Exercise prompt: In the listing below, the lines starting at the line with "プライオリティパスラウンジディレクトリー Lounge Directory" and ending at the line with "Capelli Small Shoulder" are to be output verbatim. Images stay out of the copy.

Given information:
################
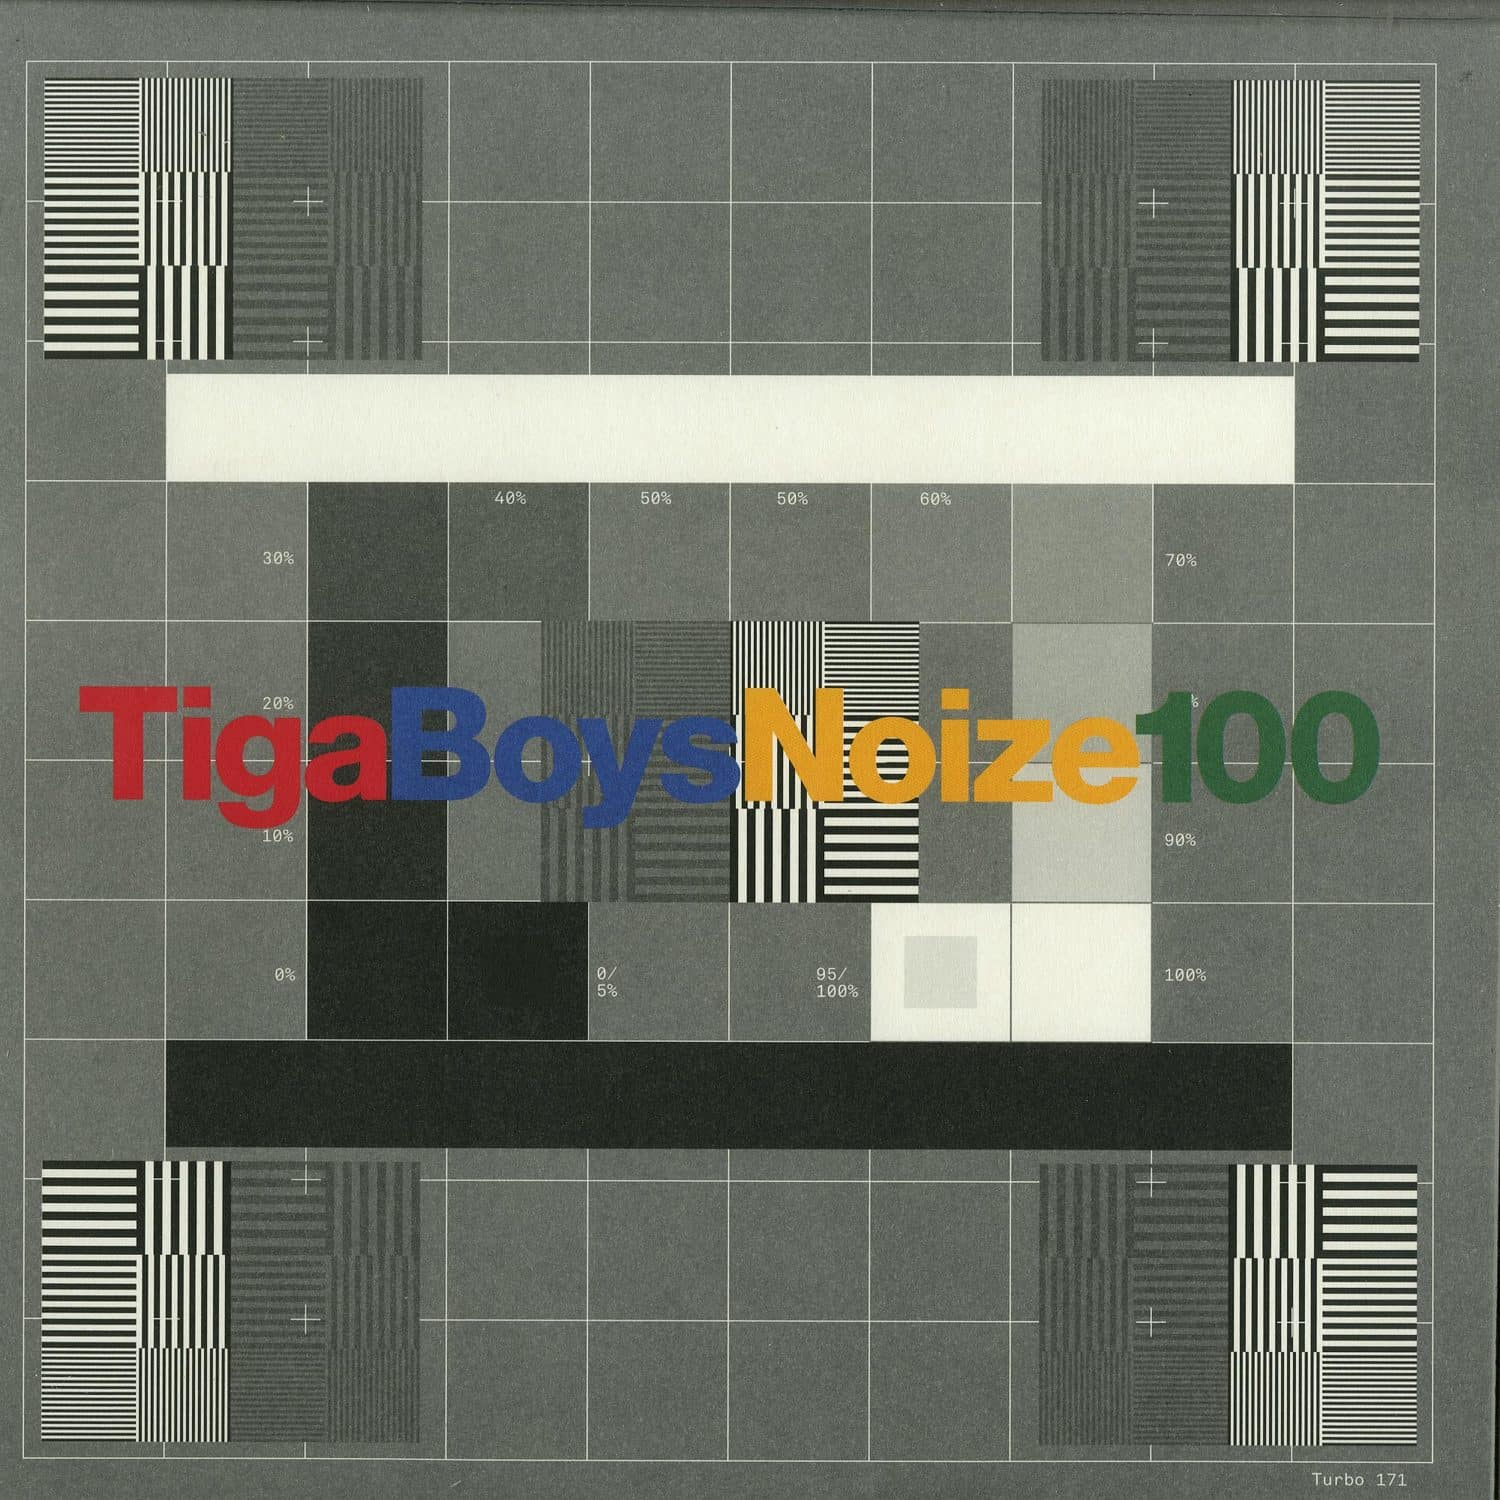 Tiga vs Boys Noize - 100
################
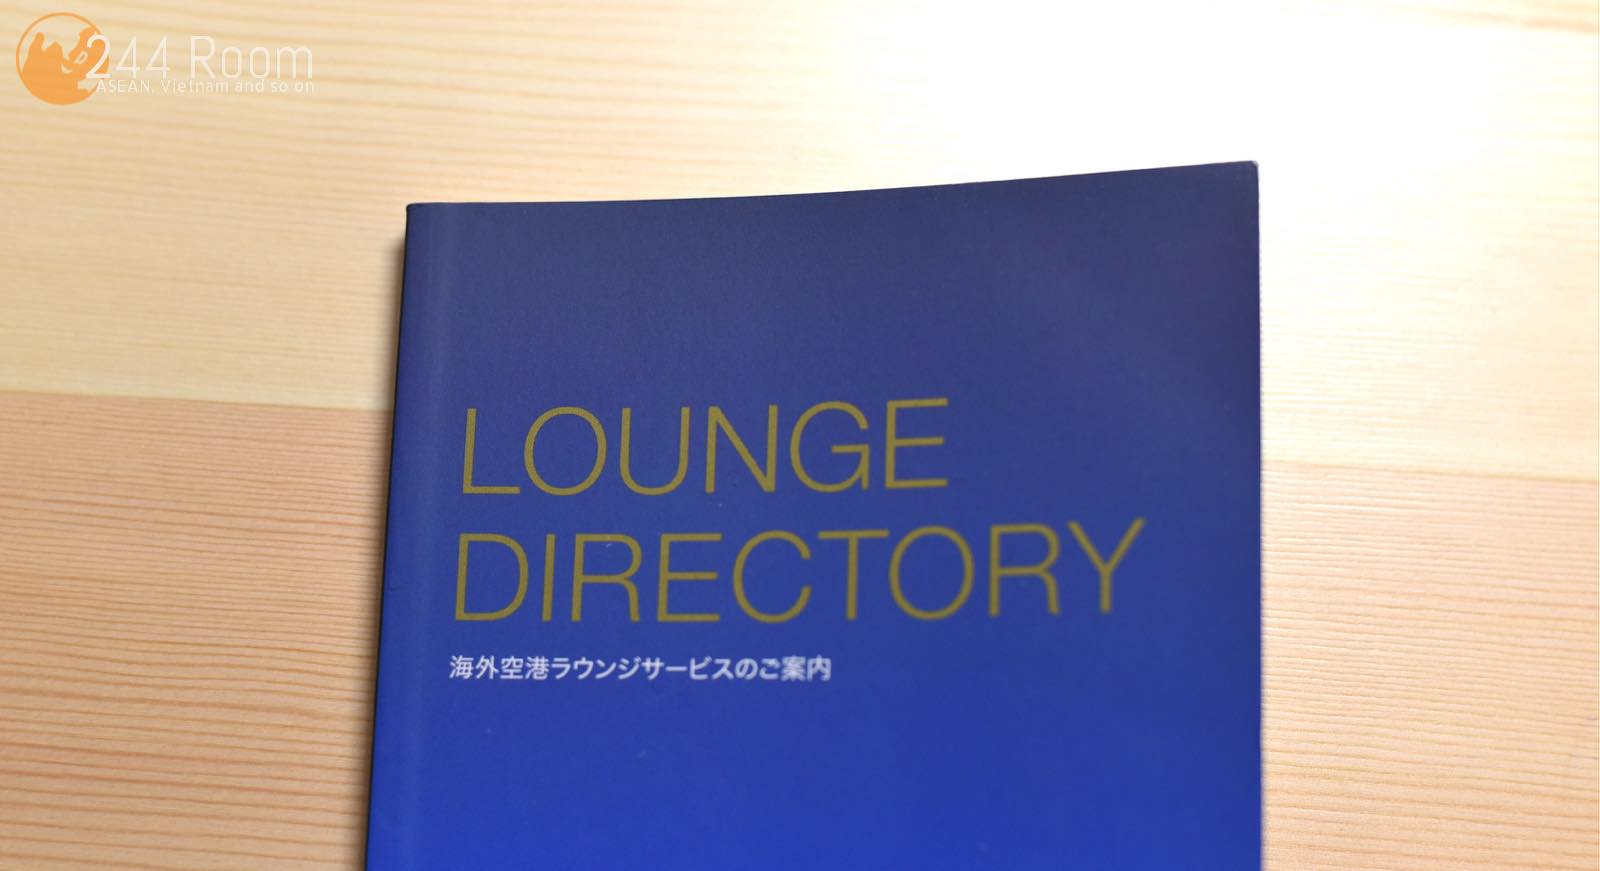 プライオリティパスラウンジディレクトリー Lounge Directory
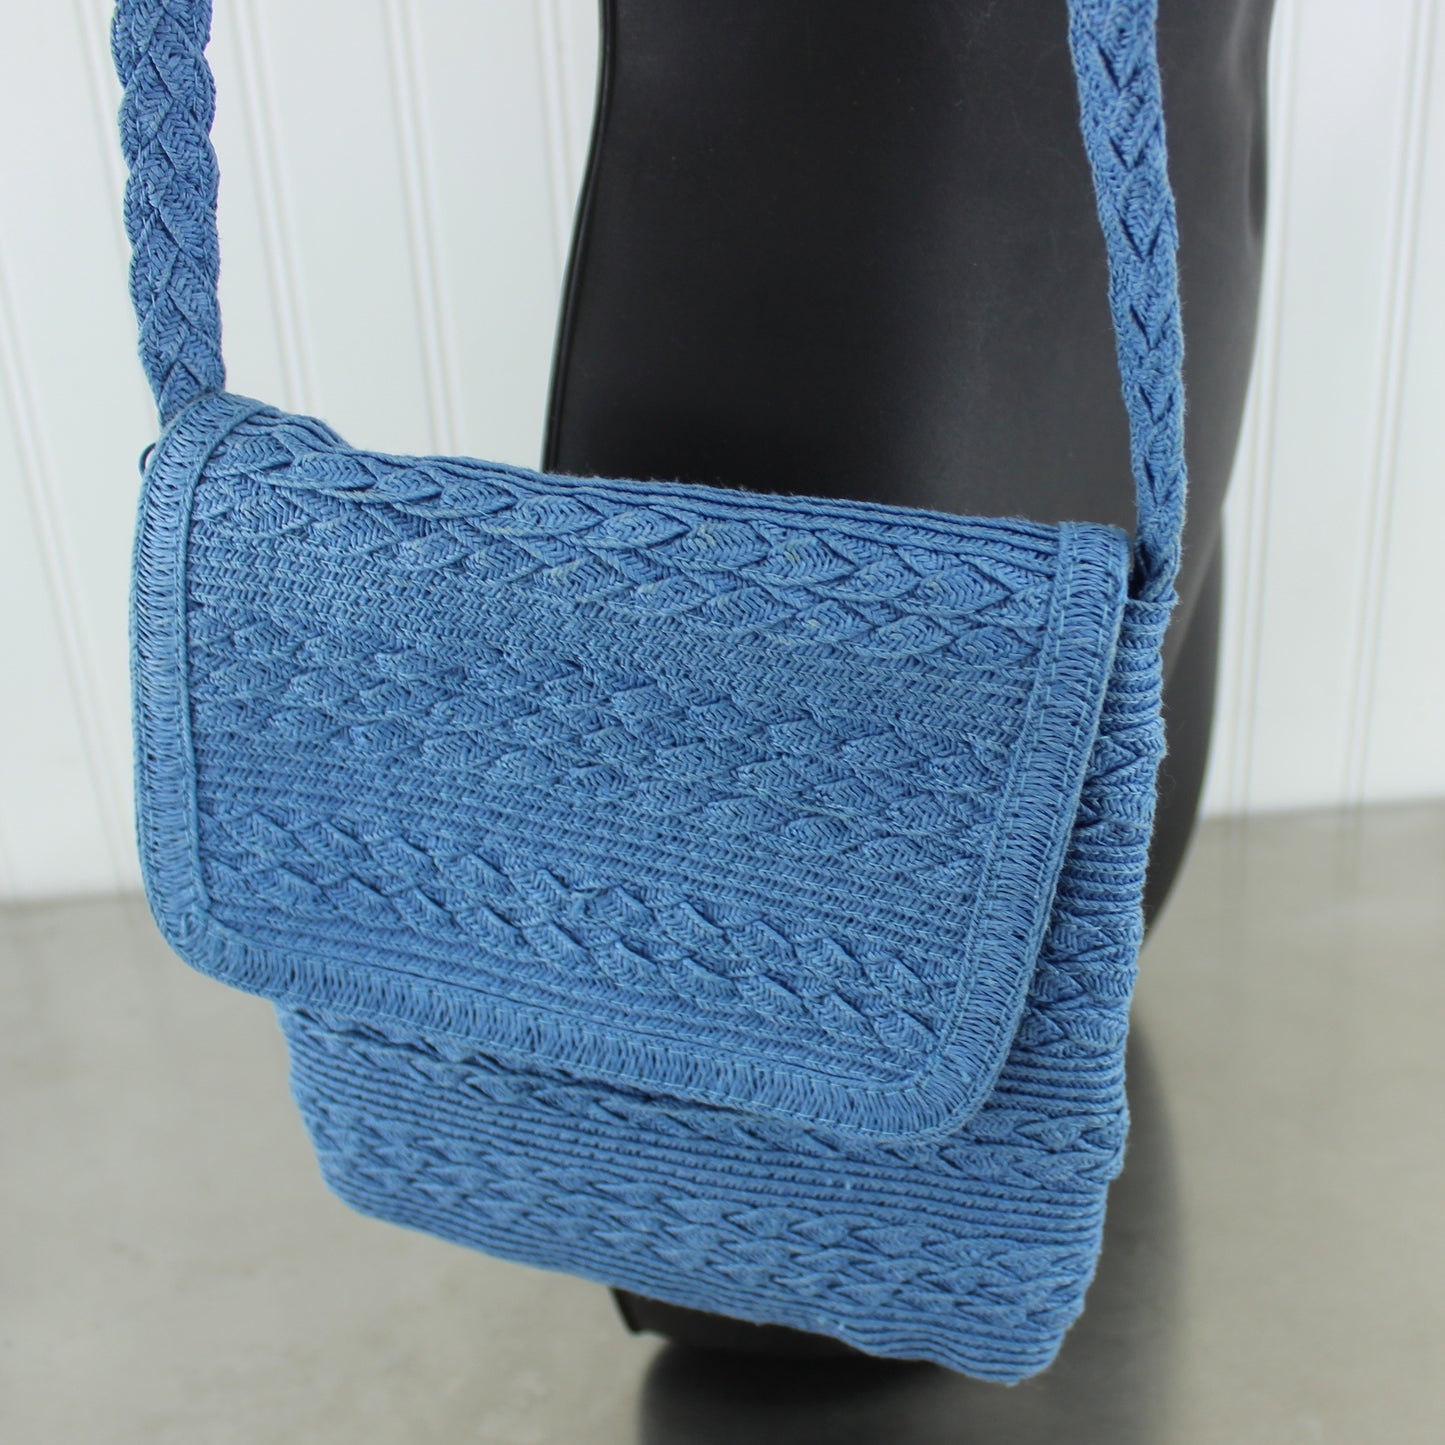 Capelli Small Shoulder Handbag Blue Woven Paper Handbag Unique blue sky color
################
Final answer:
 プライオリティパスラウンジディレクトリー Lounge Directory
 Capelli Small Shoulder Handbag Blue Woven Paper Handbag Unique blue sky color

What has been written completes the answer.